----- Collected data

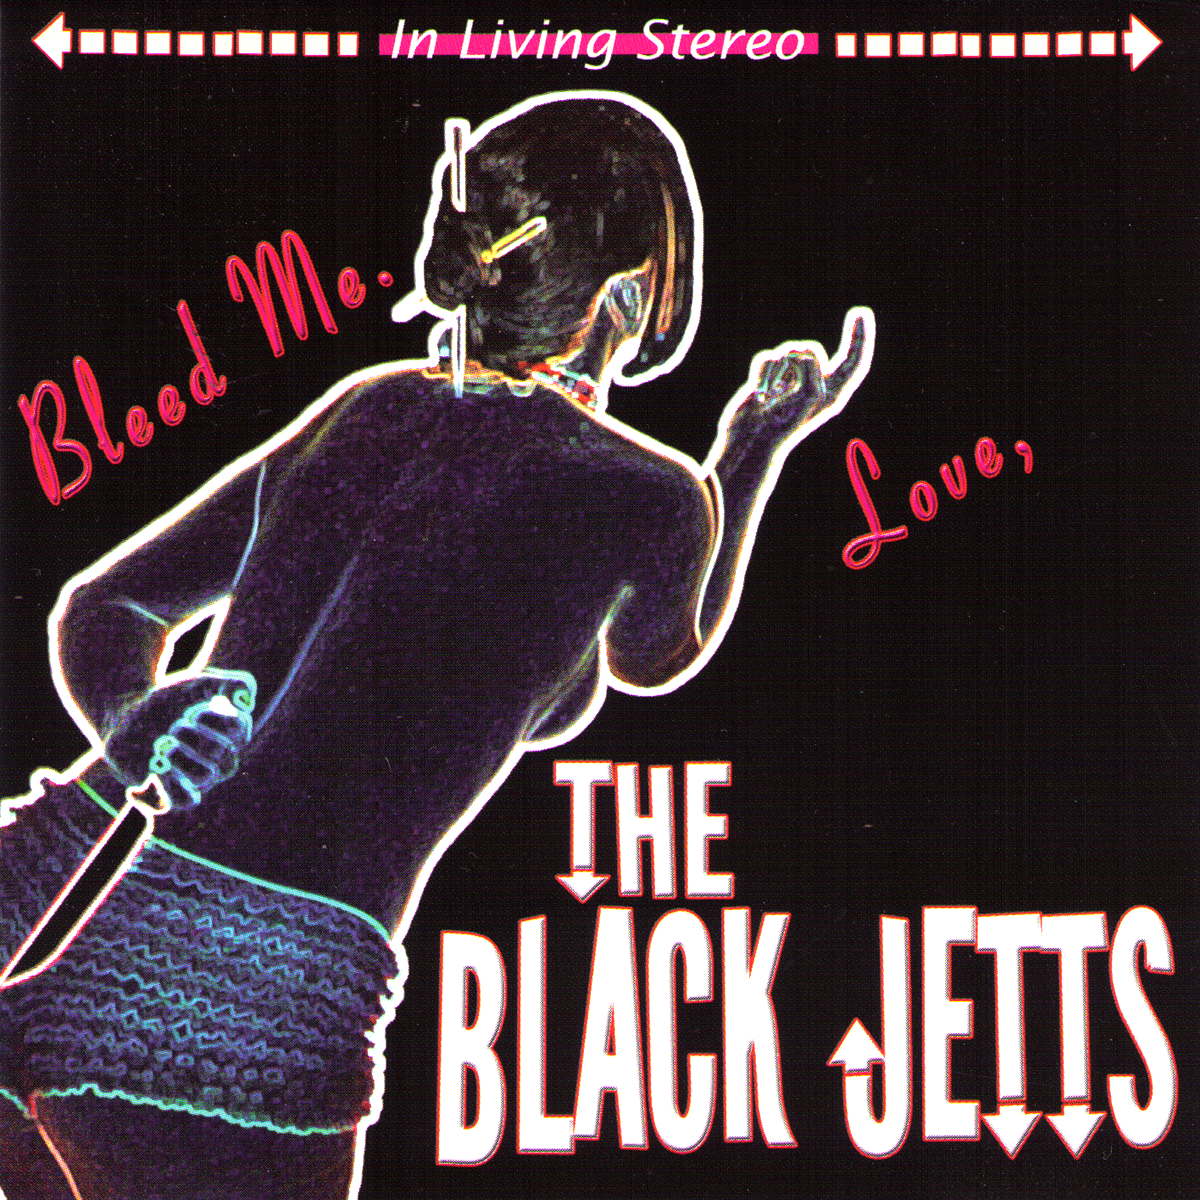 Black Jetts- Bleed Me LP ~HEARTBREAKERS!
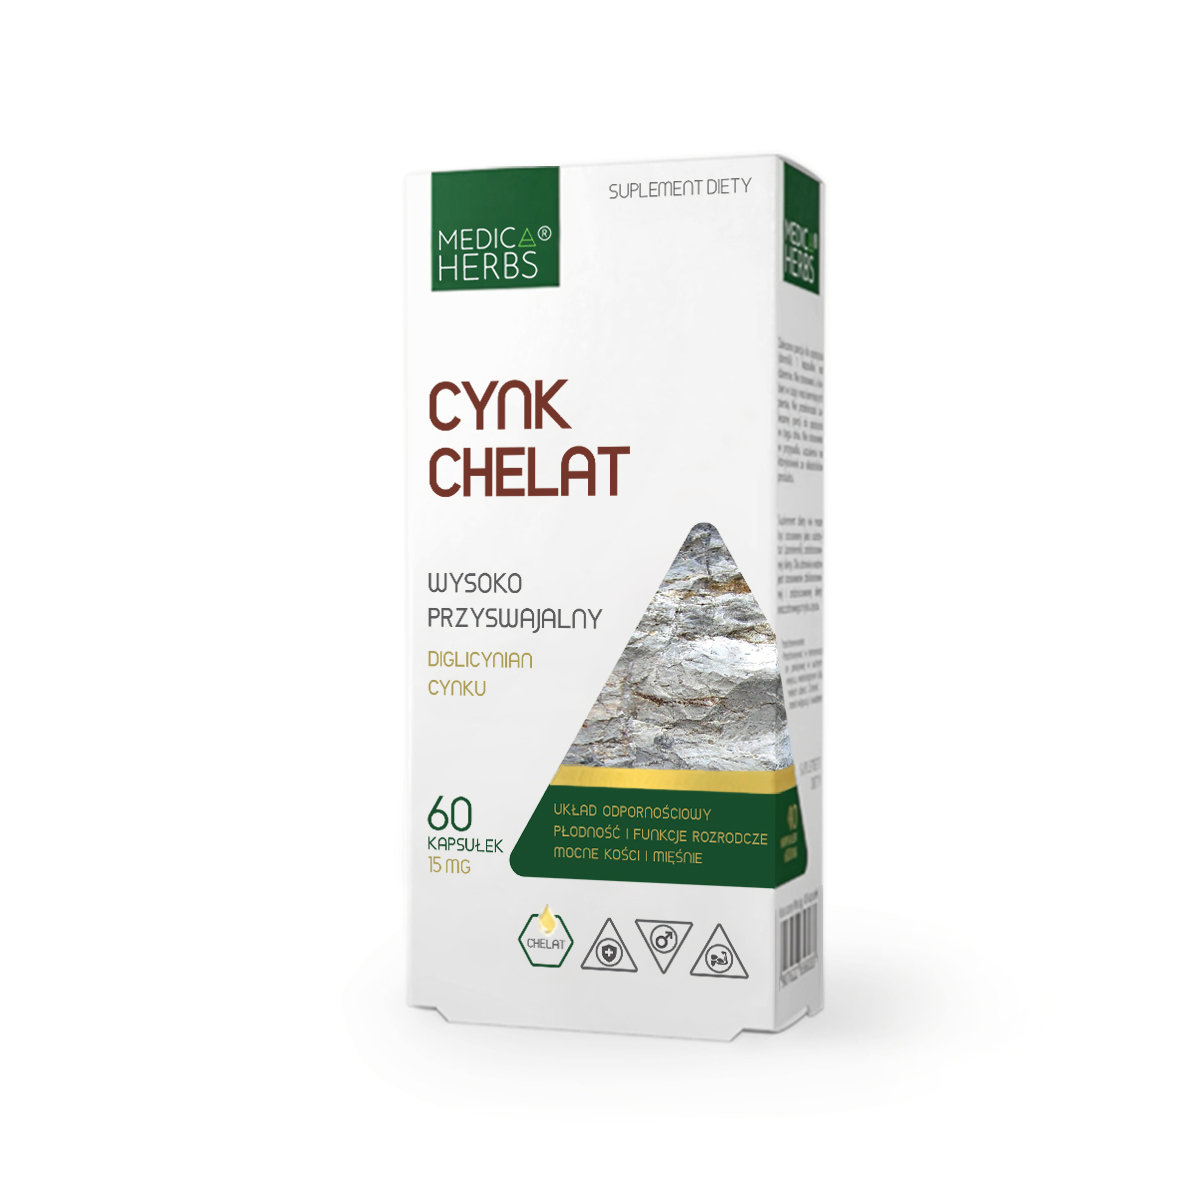 Cynk Chelat 15 mg 60 kapsułek MEDICA HERBS
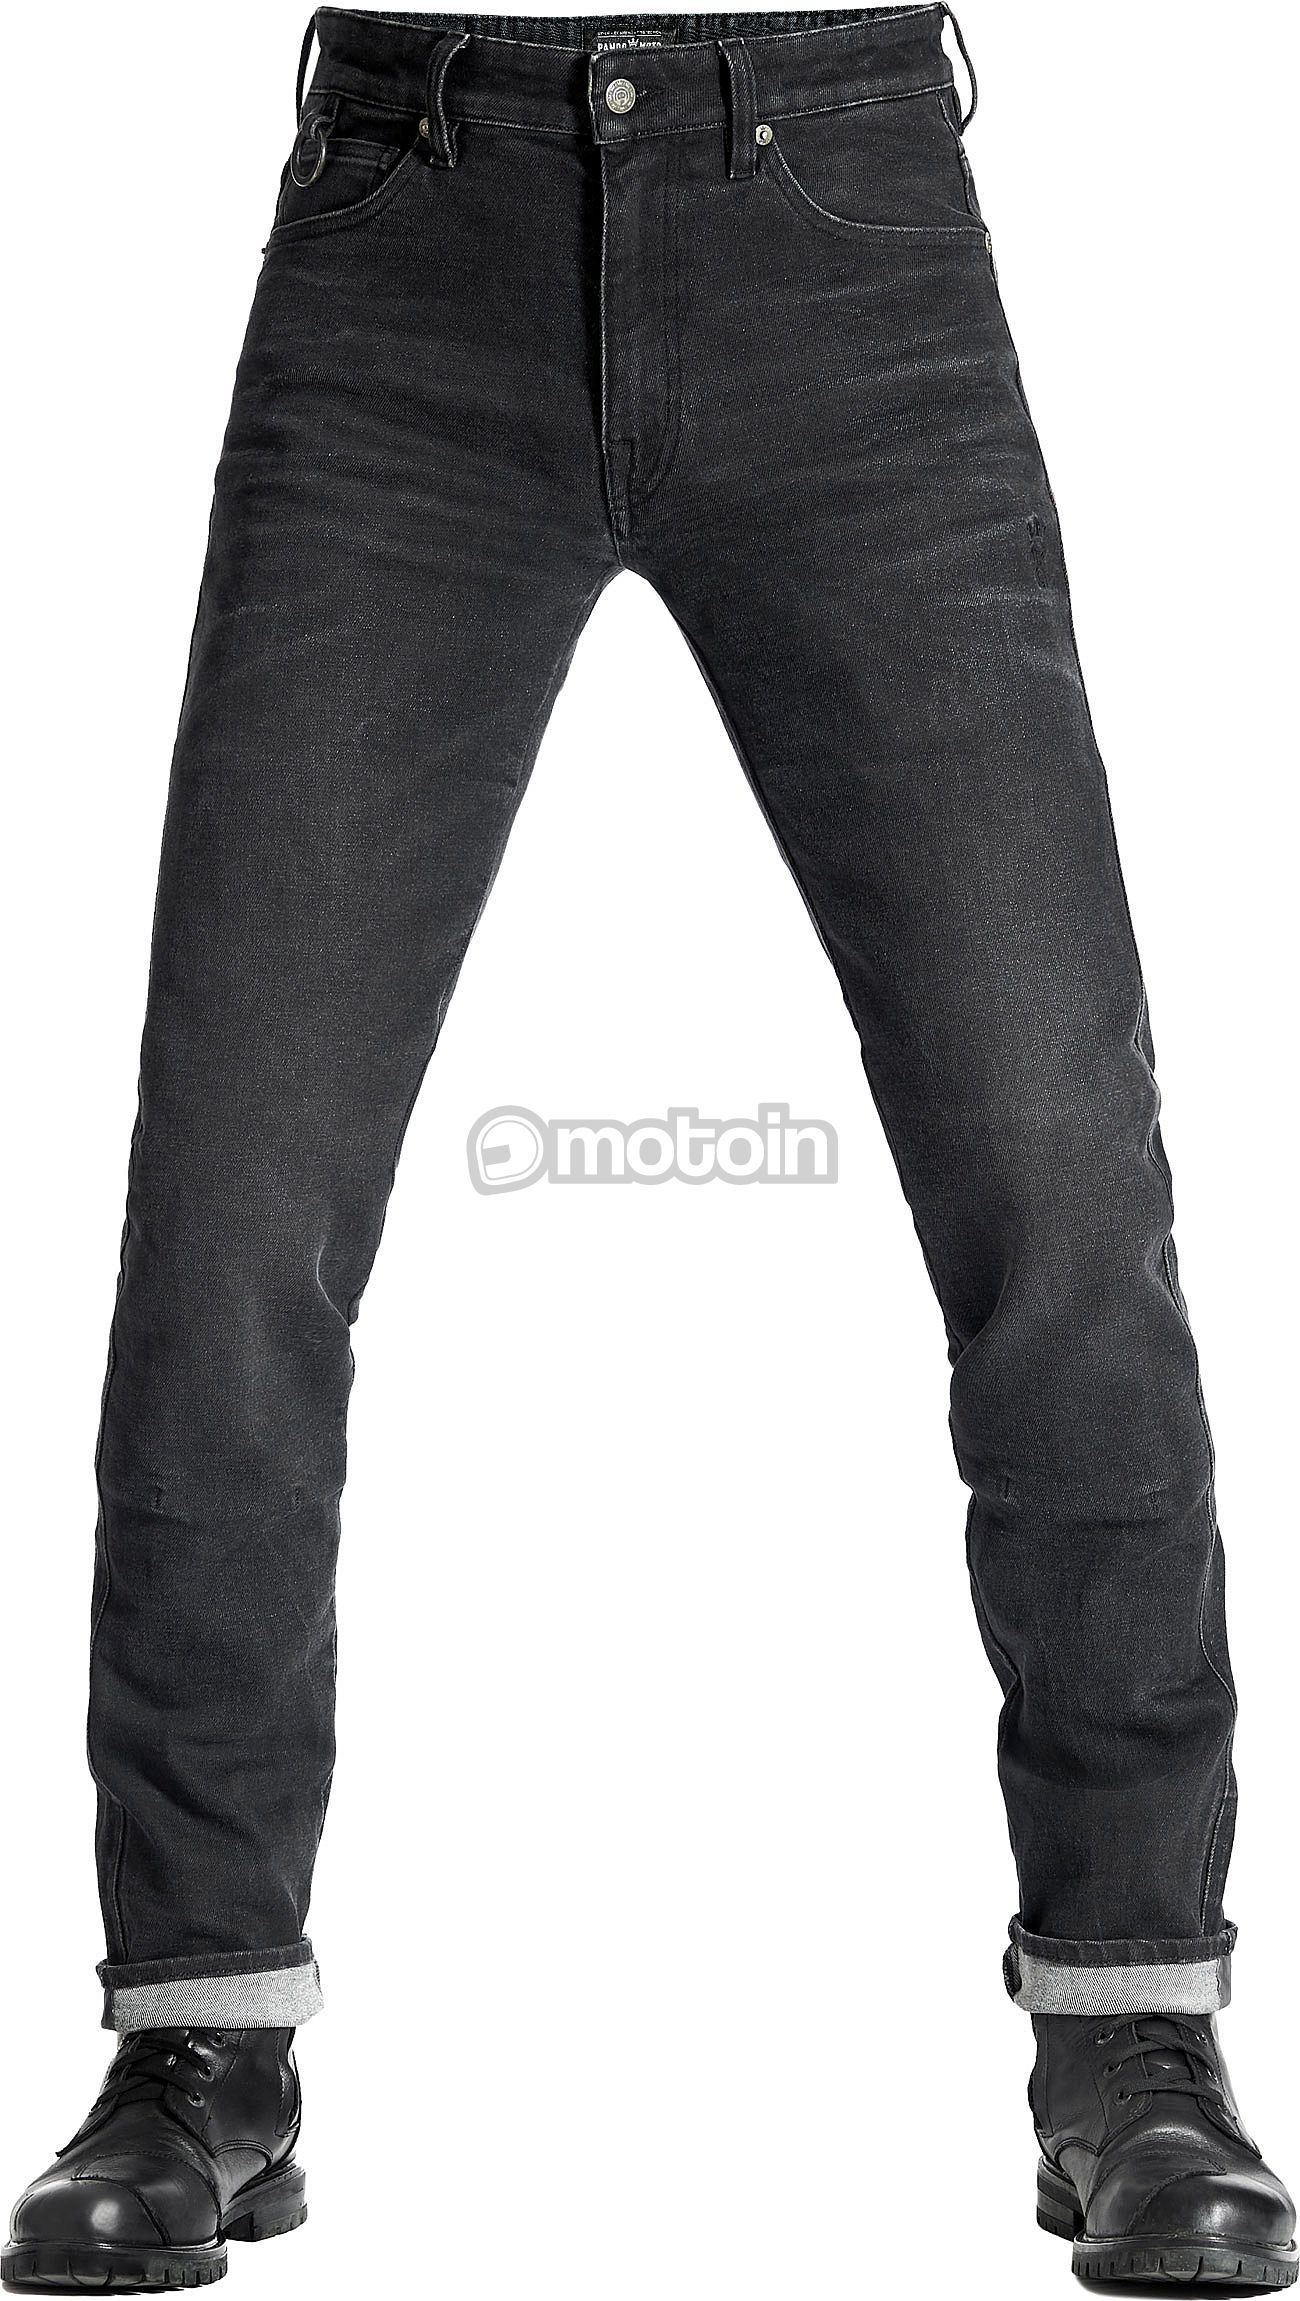 Pando Moto Robby Arm 01, Jeans
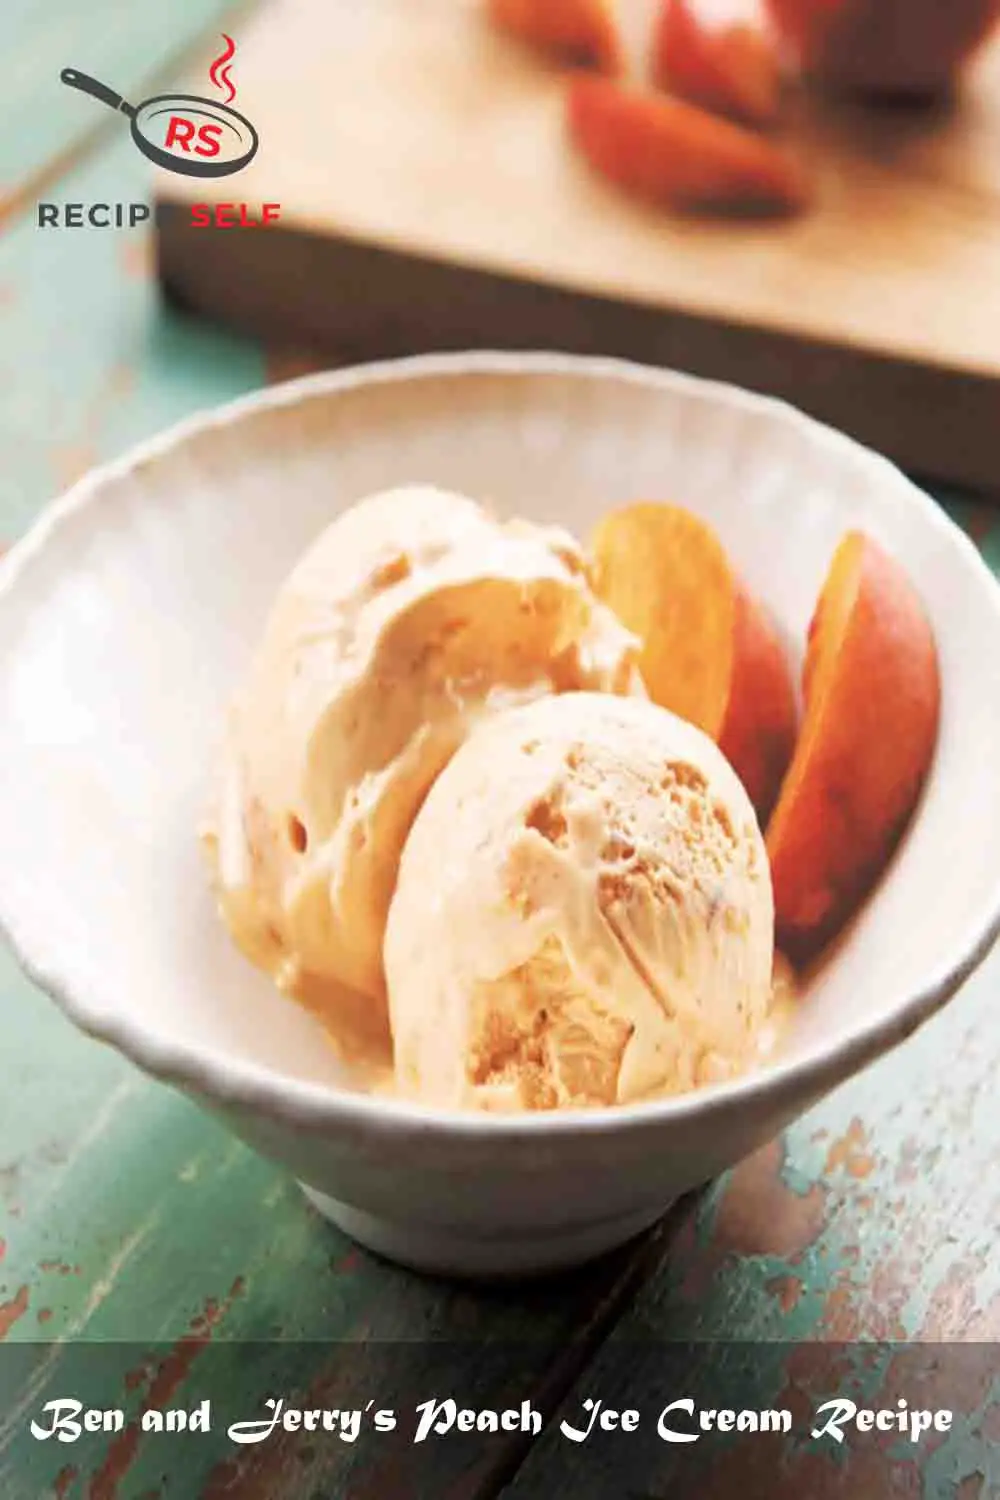 Ben and Jerry’s Peach Ice Cream Recipe

----------

Task brief => Apart from the pictures, every line above must be printed exactly.

Exercise solution =>
 Black Jetts- Bleed Me LP ~HEARTBREAKERS!
 Cynk Chelat 15 mg 60 kapsułek MEDICA HERBS
 Pando Moto Robby Arm 01, Jeans
 Ben and Jerry’s Peach Ice Cream Recipe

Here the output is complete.